I can remember (at a younger age) being in a restaraunt with girlfriends, and when one had to go to the bathroom, we all went. I don’t why. I don’t think any girl knows why, we just do it. However with maturity that fades, thankgoodness. :-)
I am so grateful for this Bible study group that I am in. They and our study challenges me to constantly check my walk with the Savior. Sometimes I don’t like what I see. God’s bringing me to the point of submission to go to Africa has been an emotional journey for me. I had a fear in the beginning of this journey. One of my girlfriends challenged me to put a name on the fear that I was having and confess it to the Lord. So I have tried to identify it. I was afraid of going alone on this trip. Yes, it’s true, me, who will stop and talk to complete strangers is afraid to go alone. Usually I’m in a familiar or safe surroundings when I do talk to complete strangers.
I know I will not be alone, I will be with a group of people. I wanted so bad to email the leader and say who is going on this trip. I kinda felt like the young girl who wanted my friends to go to the bathroom with me. Why couldn’t my husband be going with me. OR Ok, ok if not a group of friends, I’ll take just one. Right now the only one I know on this trip, is the Lord. God, please help my faith! God sweetly whispered, “Some trusts in chariots (relationships), some in horses (friends), but you trust in the name of the Lord.” (Ok friends, please don’t be offended that the word “friends” is in the place of ”horses”. :0 )
I think, “Ok, I will trust you, Lord, but sometimes it’s hard.” I haven’t exactly found a scripture for this one, but I know I heard God say, “yes, it is, now quit whining and let’s move on, we have more to do.” :-)
When my husband got to go to Thailand a couple of years ago, tons of our friends went. He not only got to serve but he had a wonderful time. Sounds like I’m jealous doesn’t it. I’m not, I was really glad that he got to go. And I can’t compare what he experienced to what God has in store for me. This is a different time, a different trip, and a different set of circumstances. Oswald Chambers wrote, “Never make a principle out of your experiences; let God be as original with other people as He is with you.” Francis Chan added, “Be careful not to turn others’ lives into the mold for your own.”
I can’t go on anyone else’s experience. I have to go on my own alone, well, not alone with God alone. So I learning to trust God on a new level and give Him my fear of going alone. So I submitted, ” I will go with you Lord.”

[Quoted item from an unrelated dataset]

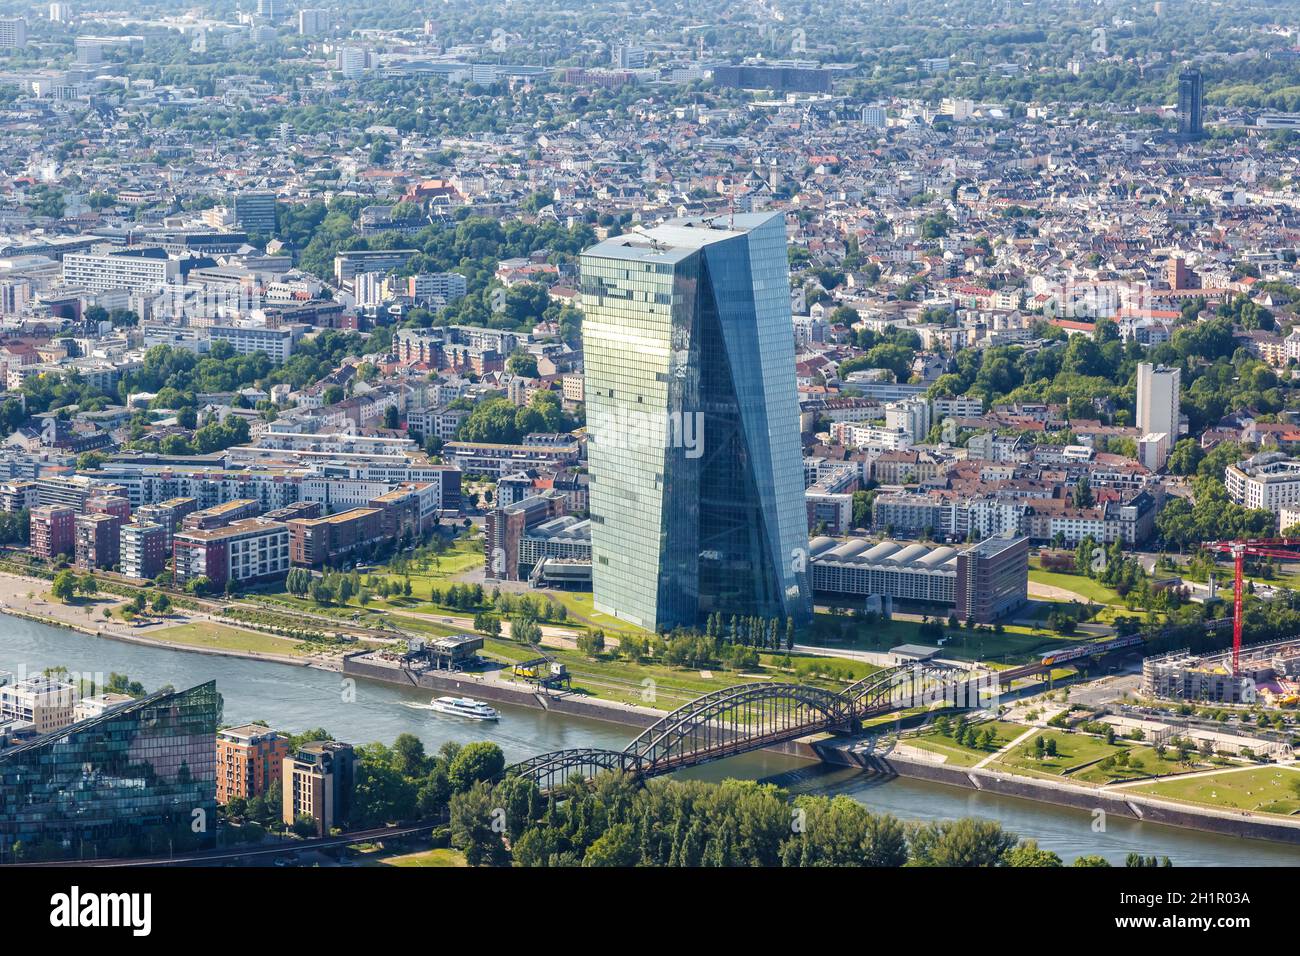 Frankfurt, Germany - May 27, 2020: ECB European Central Bank skyscraper skyline aerial photo Main river city in Germany. Stock Photo

The day after I shared with my LifeGroup that I felt God wanted me to go, I got an email from a sweet friend in the group saying that she was feeling the same thing. I got an email from her today that she is definitely going. After I emailed many of you to ask for prayers, I got an email from another dear friend asking questions about Africa and said that it has been on her heart.
OH MY GOODNESS! God is just the coolest guy I know. And look at how he loves me. I am overwhelmed. I want so bad to grab each of you and make you understand how much God love you, loves me, loves us. But you will have to learn this on your own. I know that I have only begun to grasp the tip of His love. ”Many, O Lord my God, are the wonders you have done. The things you planned for us no one can recount to you; were I to speak and tell of them, they would be too many to declare.” (Ps. 40:5)
The peace I had from just submitting to go, with still a little trembling, is not something I could describe. But I know that I want to know that peace for trusting him more and more each day. I want to thirst for God.
A quote from the last chap of Crazy Love, by Francis Chan. “”.. Anne Dillard once said, “How we live our days is … how we live our lives.” We each need to discover for oursleves how to live this day in faithful surrender to God as we “continue to work out (our) salvation with fear and trembling” (Phil. 2:12).”
God really is the coolest guy I know.